What’s new? New features available in version 4.0:
Optimized subject page
New integrated API
Improved data management functionality
Updated coding propagation
Enhanced audit trail
All the functionalities you need!
THeCRF is designed to capture and manage research data efficiently.
A robust and well-organized tool yet flexible enough.
THeCRF can be easily designed accordingly to your processes.
The most appreciated capabilities of THeCRF include:
Welcome Dashboard with a customizable widget
The automatized set up
Third party integration module
Digital Signature: Principal Investigator can sign directly in eCRF
On-demand reporting schedules
Data export in the most popular formats
Post-it comment and note functionality
Image Management and evaluation
Images & DICOM Management
MAM for Independent External Adjudication Assessor Management
Inside a clinical project, Serious Adverse Event (SAE) management is fundamental to trigger a prompt action for patient
safety and also to ensure related data collection accuracy. The SAE Management add-on facilitates and supports site staff
in the collection, management, and analysis of any SAE recorded in a clinical project.
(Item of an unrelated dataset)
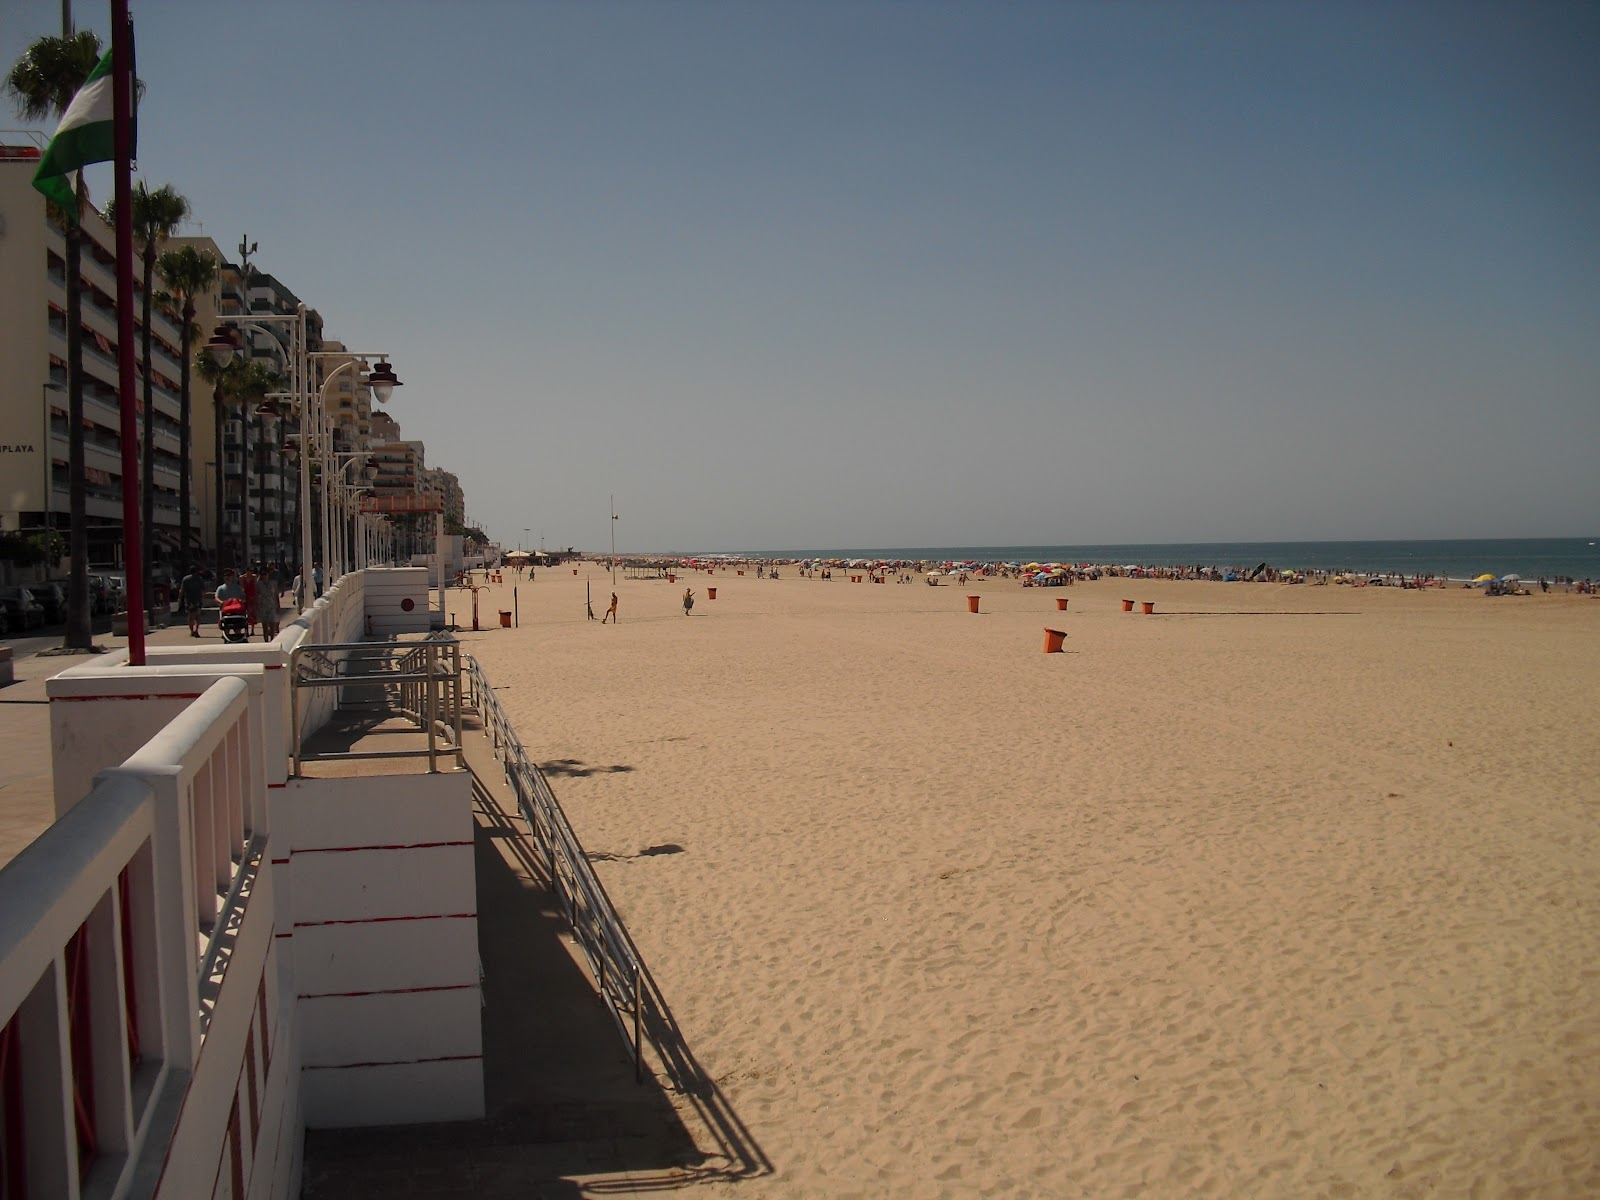 Playa Baja Piquiento

The automated population feature of the SAE form allows the site staff to capture all the needed data in just a few clicks.
Relevant information is automatically disclosed to those in need without losing time with long e-mails, guaranteeing
confidentiality of the data with a robust and reliable communication flow.
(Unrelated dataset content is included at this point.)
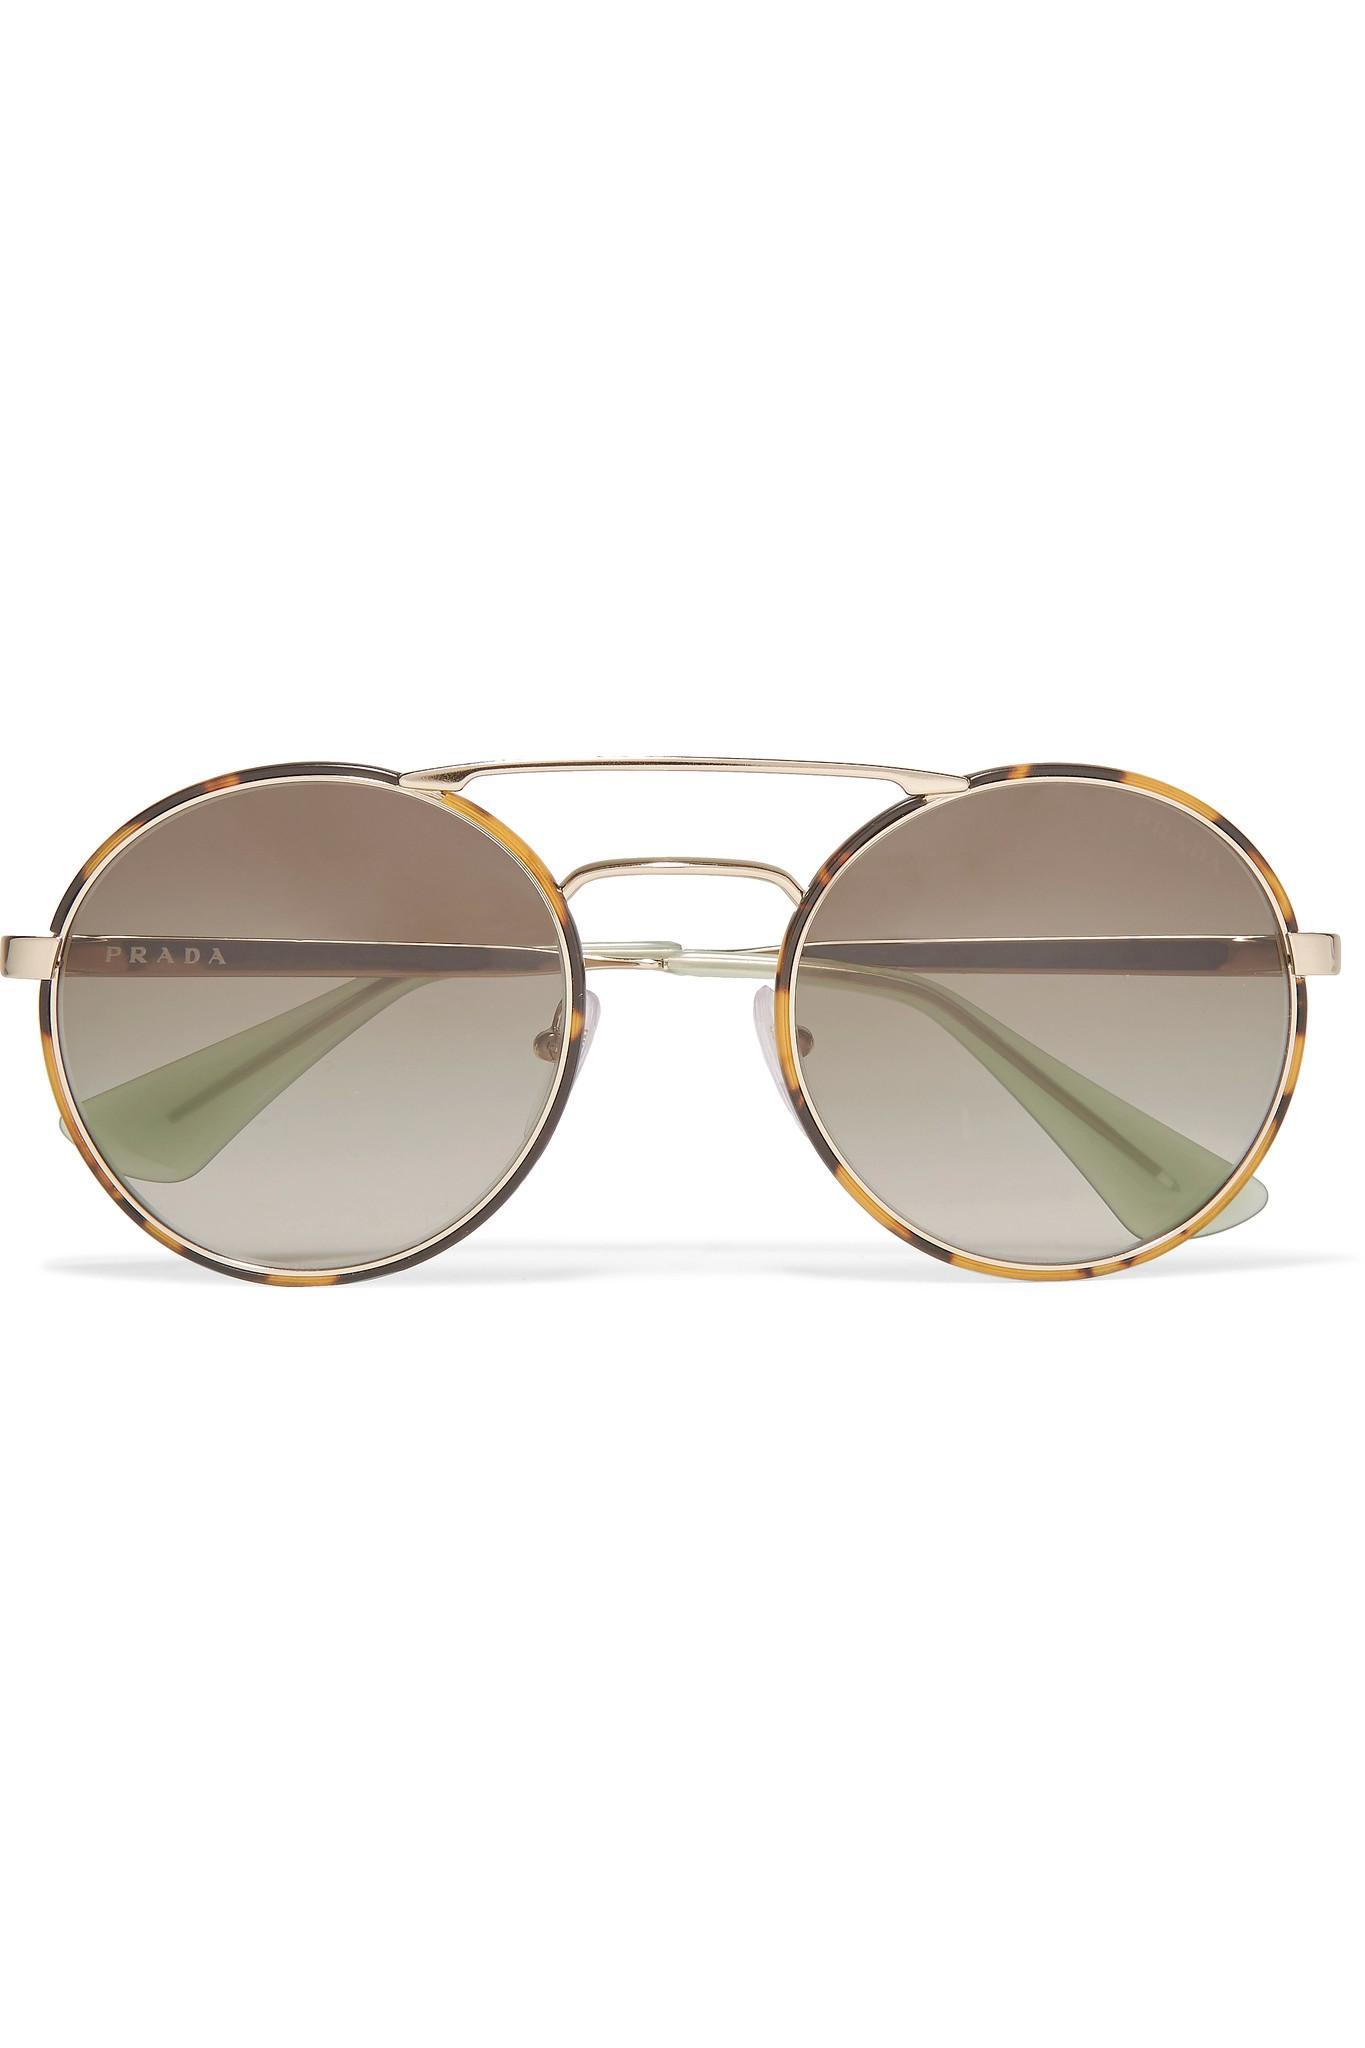 7d7cd9f909 Lyst - Prada Round-frame Tortoishell Acetate And Gold-tone Sunglasses in  Metallic

The SAE Management is a must have add-on to manage the SAE process in a secure and automated way and guarantee prompt
action is taken for the safety of the patients involved.
Images & DICOM Management
Clinical Research is based on data proving the efficacy of a diagnostic, a drug or a medical device. In the era of
the digitalisation of processes and decentralised data collection, more and more use of digital / medical images
(for example, but not limited to, x-rays, CT scan, photos and videos) is preferred.
The Image & DICOM Management add-on allows site staff to upload these “special” data directly in the EDC
with only a few clicks, ensuring a secure collection of data in compliance with CFR part 11.
It is no longer necessary to use external systems, increasing the number of passwords to remember and third party vendors
THeCRF can contain images, DICOM (Digital Imaging and Communications in Medicine), videos
and many other digital medical files, simplifying the activities of the site staff who will benefit from a single platform
to collect all the clinical study data.
Multi Access Module (MAM) for Independent External Adjudication Assessor Management
The Multi Access add-on allows you to provide the data collected in the EDC to independent expert users (for example Key Opinion Leaders) who can evaluate the decisions made by the site medical staff.
The add-on allows you to have access only to the necessary data and if needed also in a double-blind way, in order to
guarantee the evaluation of the data independently.
If there are discrepancies with respect to the choices made by the site staff, it is possible to intervene in a documented
way in compliance with regulatory requirements.